The Sem priest then said, “I have seen my father in all his forms,” which the other men in turn repeat.

The meaning of this portion of the ceremony is hard to explain, but M. Maspero (op. cit., p. 168) thinks that it was intended to bring back to the body of the deceased its shadow (khaibit), which had departed from it when it died.

The preliminary purifications being ended, and the shadow having been joined to the body once more, the statue or mummy is approached by the men who represent the armed guard of Horus; and one of their number, having taken upon himself the character of Horus, the son of Osiris and Isis, touches its mouth with his finger.

The Kher-heb next made ready to perform the sacrifice which was intended to commemorate the slaughter, at some very early period, of the fiends who were the friends of Set.

It seems that, the soul of Horus dwelt in an eye, and that Set nearly succeeded in devouring it; but Horus vanquished Set and saved his eye.

Set’s associates then changed themselves into the forms of animals, and birds, and fish, but they were caught, and their heads were cut off; Set, however, who was concealed in the form of a pig, contrived to escape.

The sacrifice consisted of a bull (or cow) or two, two gazelles or antelopes, and ducks.

When the bull had been slain, one of the forelegs was cut off, and the heart taken out, and offered to the statue or mummy; the Sem priest then took the bleeding leg and touched, or pretended to touch, the mouth and eyes with it four times.

The slaughtered gazelles or antelopes and ducks were simply offered before the statue. The Sem priest next said to the statue, “I have come to embrace thee, I am thy son Horus, I have pressed thy mouth; I am thy son, I love thee. . . . Thy mouth was closed, but I have set in order for thee thy mouth and thy teeth.”

The "Seb-ur" and "Tuntet" Instruments for Opening the Mouth.

The “Seb-ur” and “Tuntet” Instruments for Opening the Mouth.

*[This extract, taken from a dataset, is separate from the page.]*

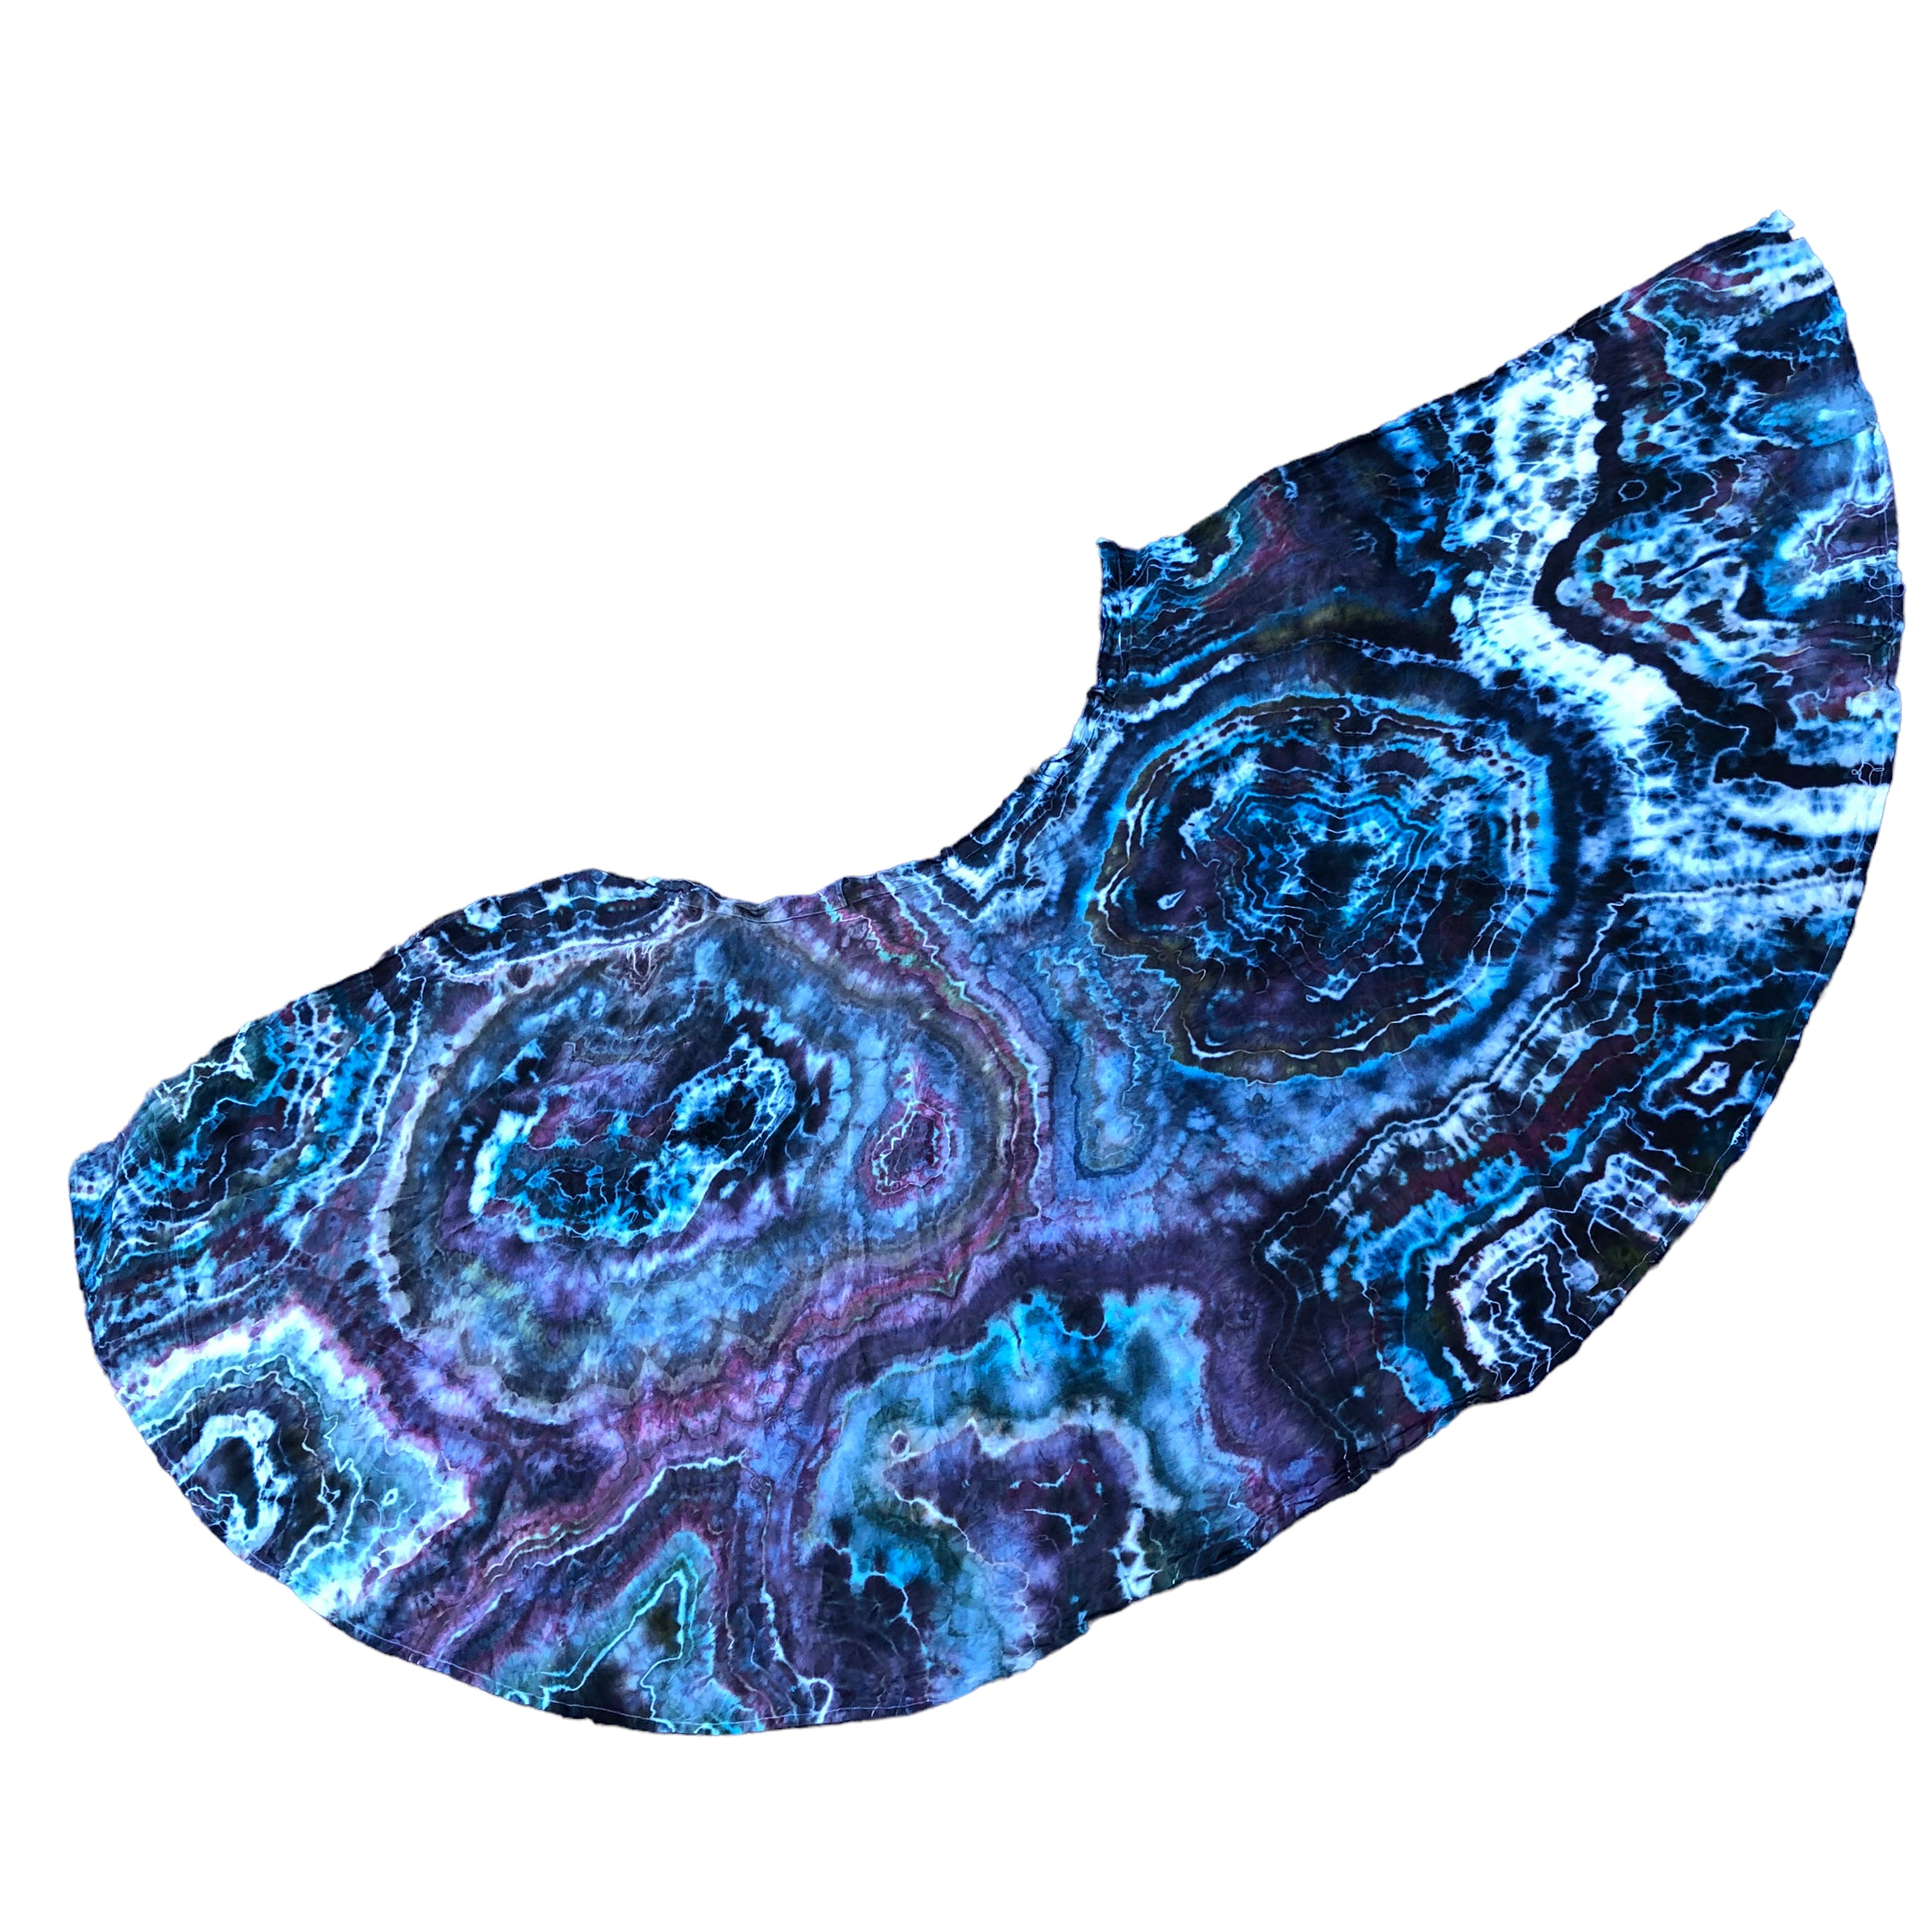 Geode Wrap Skirt - ice dyed couture, one of a kind

He then brought two instruments, called “Seb-ur” and “Tuntet” respectively, and touched the mouth of the statue or mummy with them, whilst the Kher-heb said, “Thy mouth was closed, but I have set in order for thee thy mouth and thy teeth. I open for thee thy mouth, I open for thee thy two eyes. I have opened for thee thy mouth with the instrument of Anubis. I have opened thy mouth with the instrument of Anubis, with the iron implement with which the mouths of the gods were opened.”

“Horus, open the mouth! Horus, open the mouth! Horus hath opened the mouth of the dead, as he in times of old opened the mouth of Osiris, with the iron which came forth from Set, with the iron instrument with which he opened the mouths of the gods.”

“He hath opened thy mouth with it. The deceased shall walk and shall speak, and his body shall be with the great company of the gods in the Great House of the Aged One in Annu, and he shall receive there the ureret crown from Horus, the lord of mankind.”

E.A. Wallis Budge, Egyptian Magic, London, 1901. P. 193-6.